**Action item:** Return each line exactly, beginning with the one that has "Sihoo M93 Ergonomic Chair" and finishing with the final line of the material. Drop any pictures.

**Input data:**
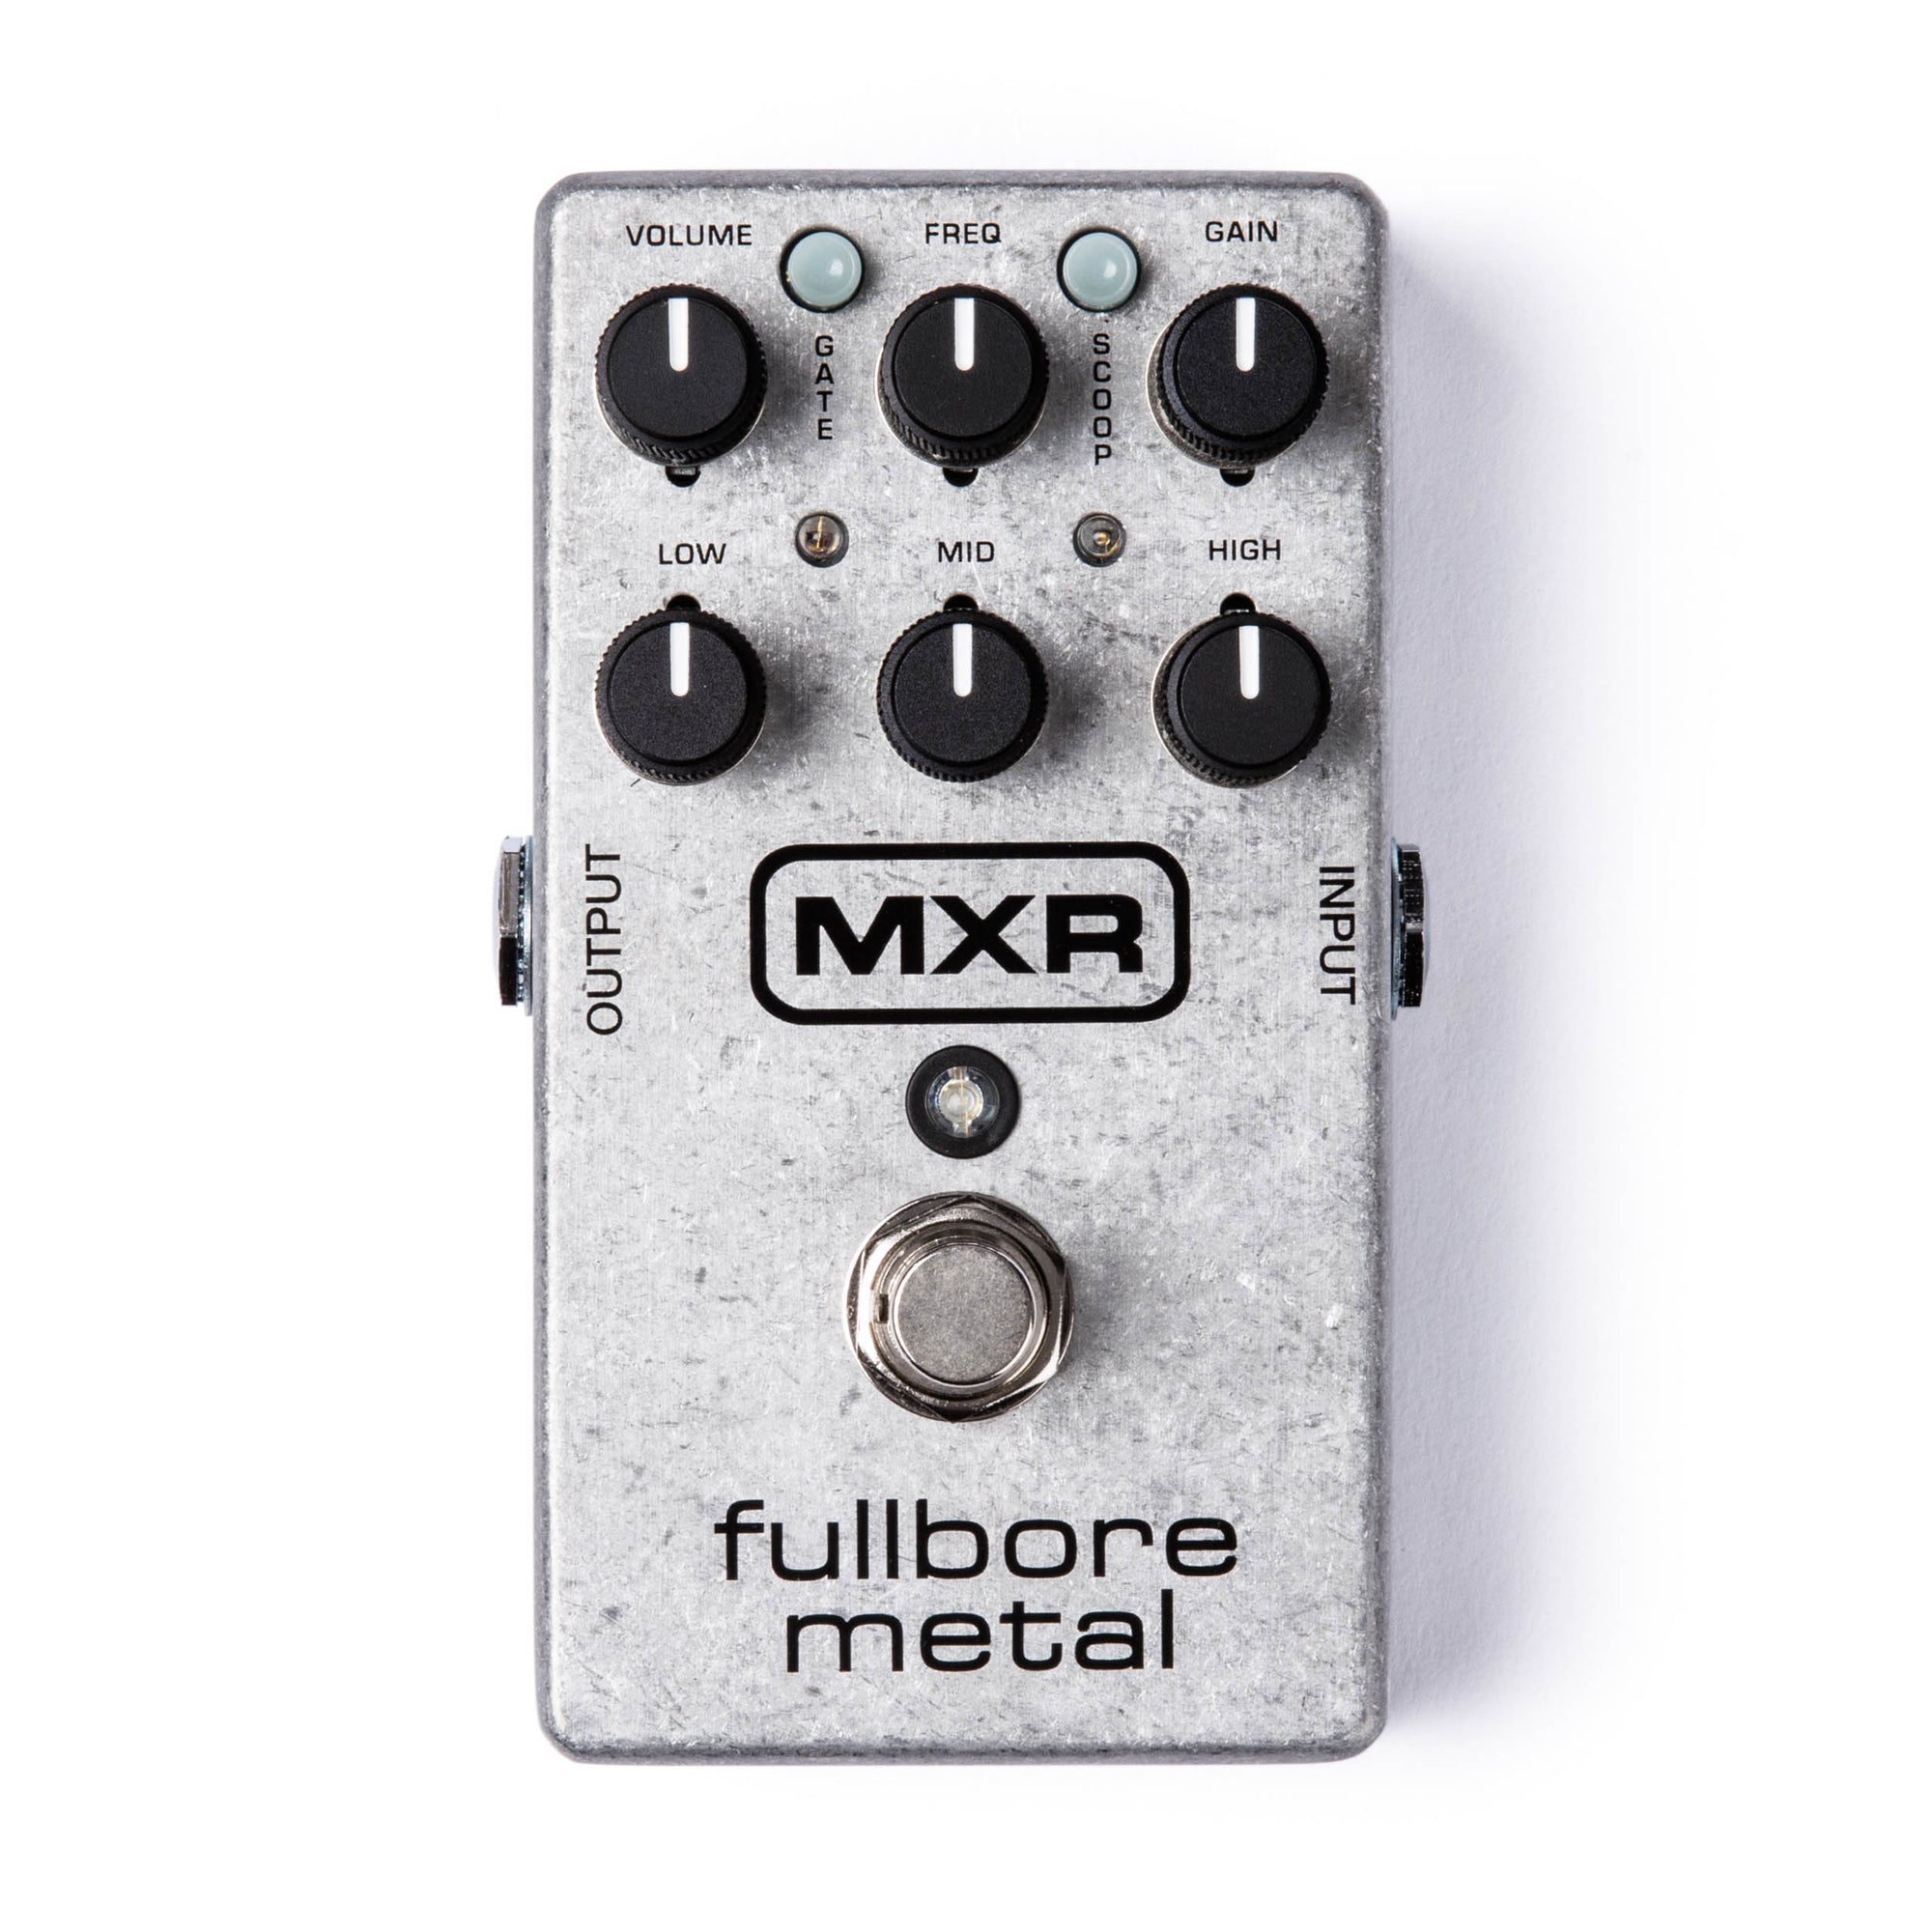 MXR Fullbore Metal Distortion
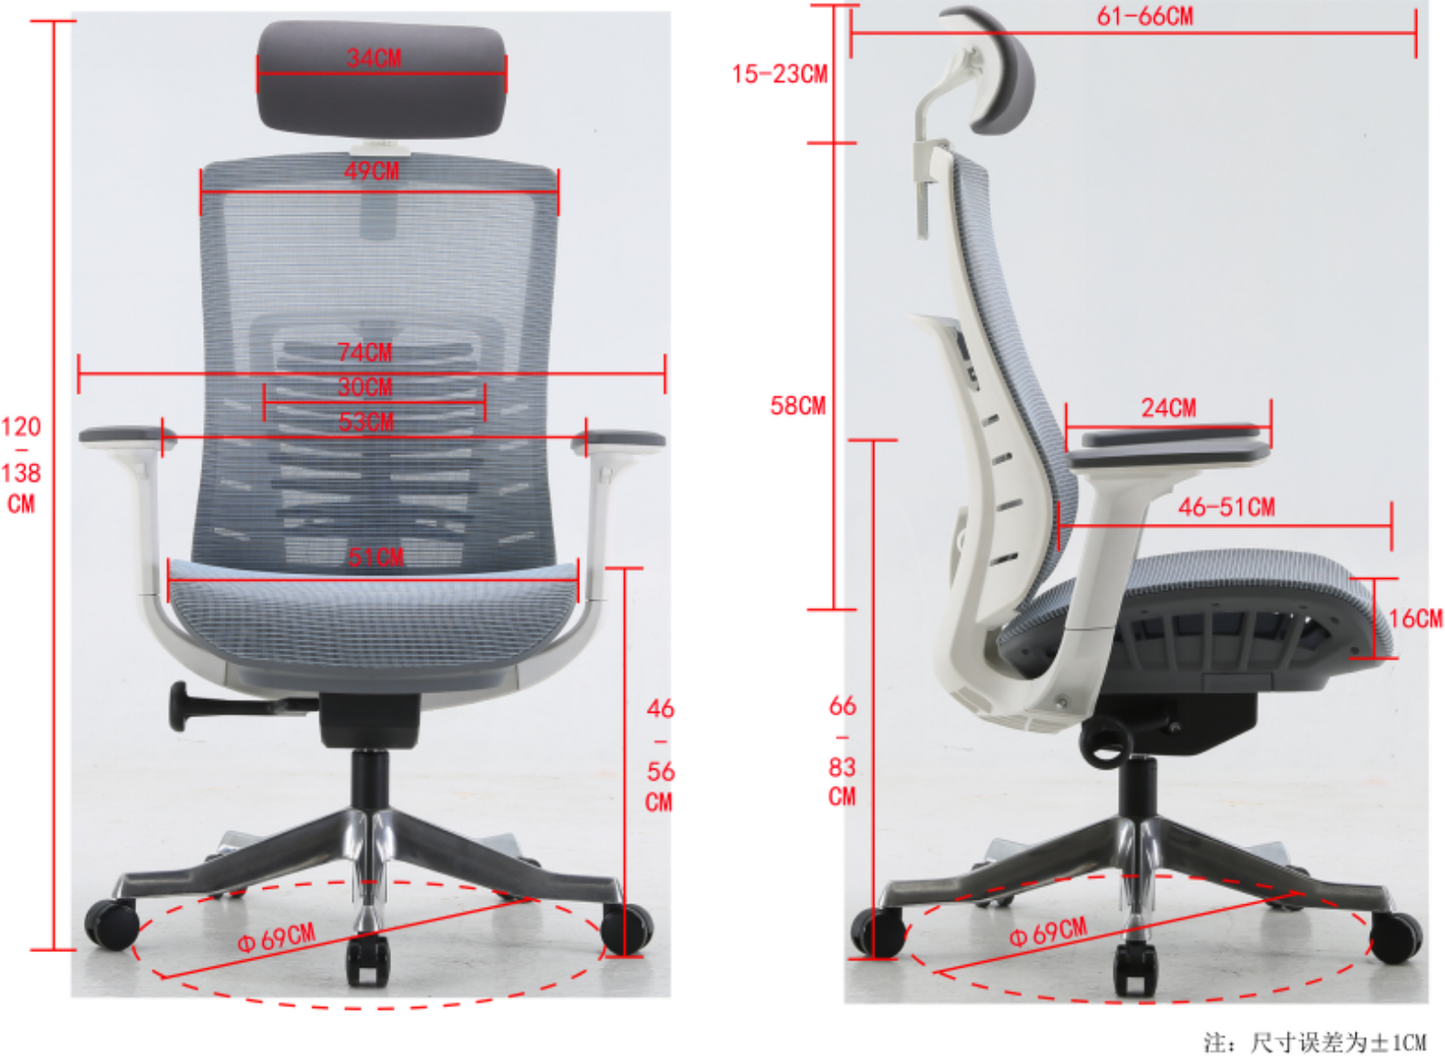 Sihoo M93 Ergonomic Chair
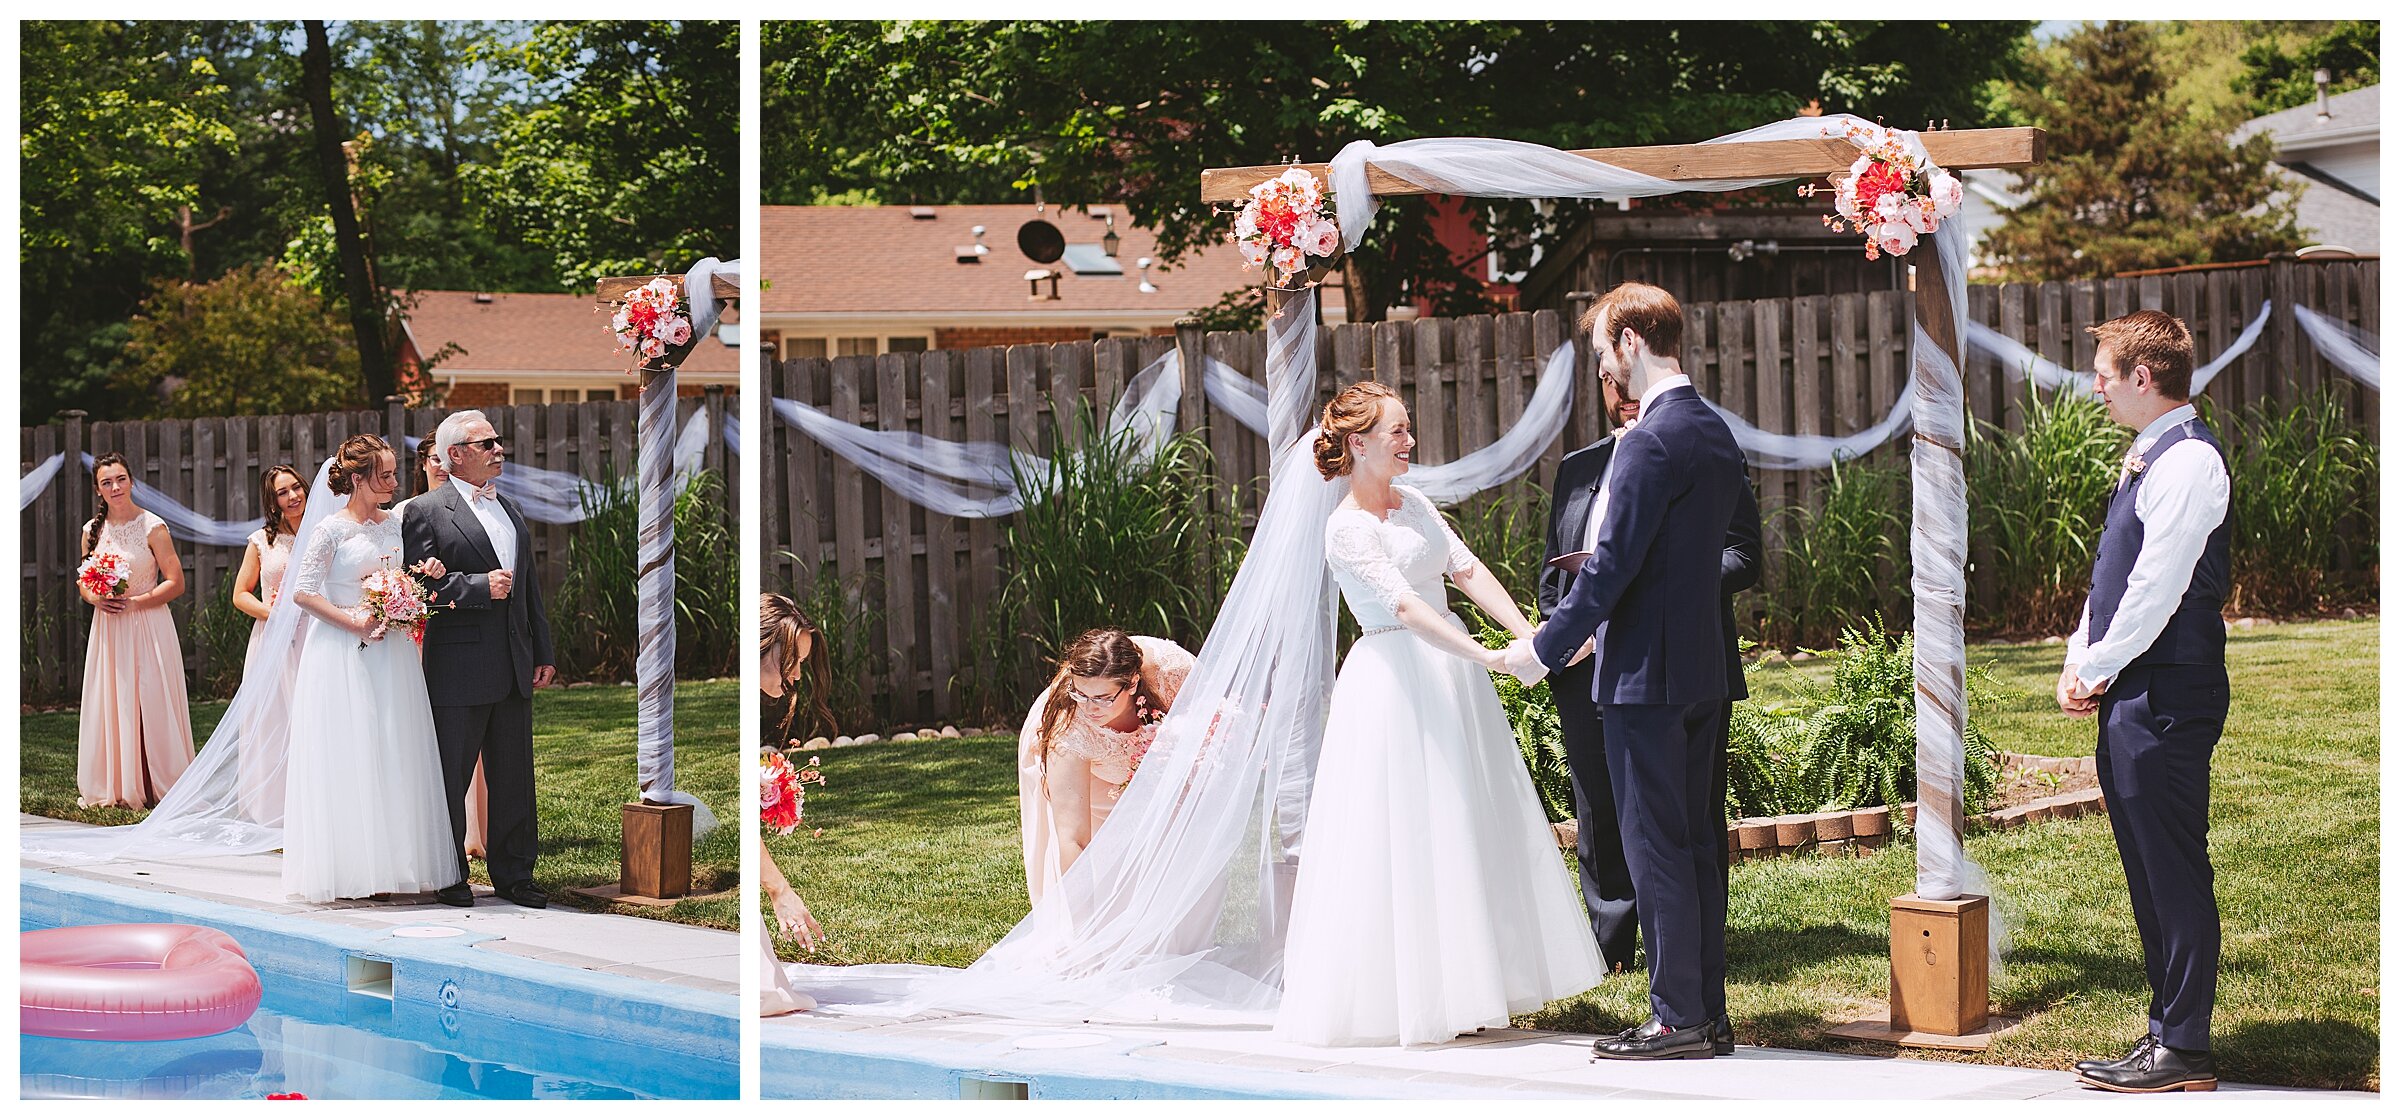 BLOG-backyard-frankfort-illinois-wedding-mackenzie-jarrin-202006-41.jpg

**Task output:**
 Sihoo M93 Ergonomic Chair
 BLOG-backyard-frankfort-illinois-wedding-mackenzie-jarrin-202006-41.jpg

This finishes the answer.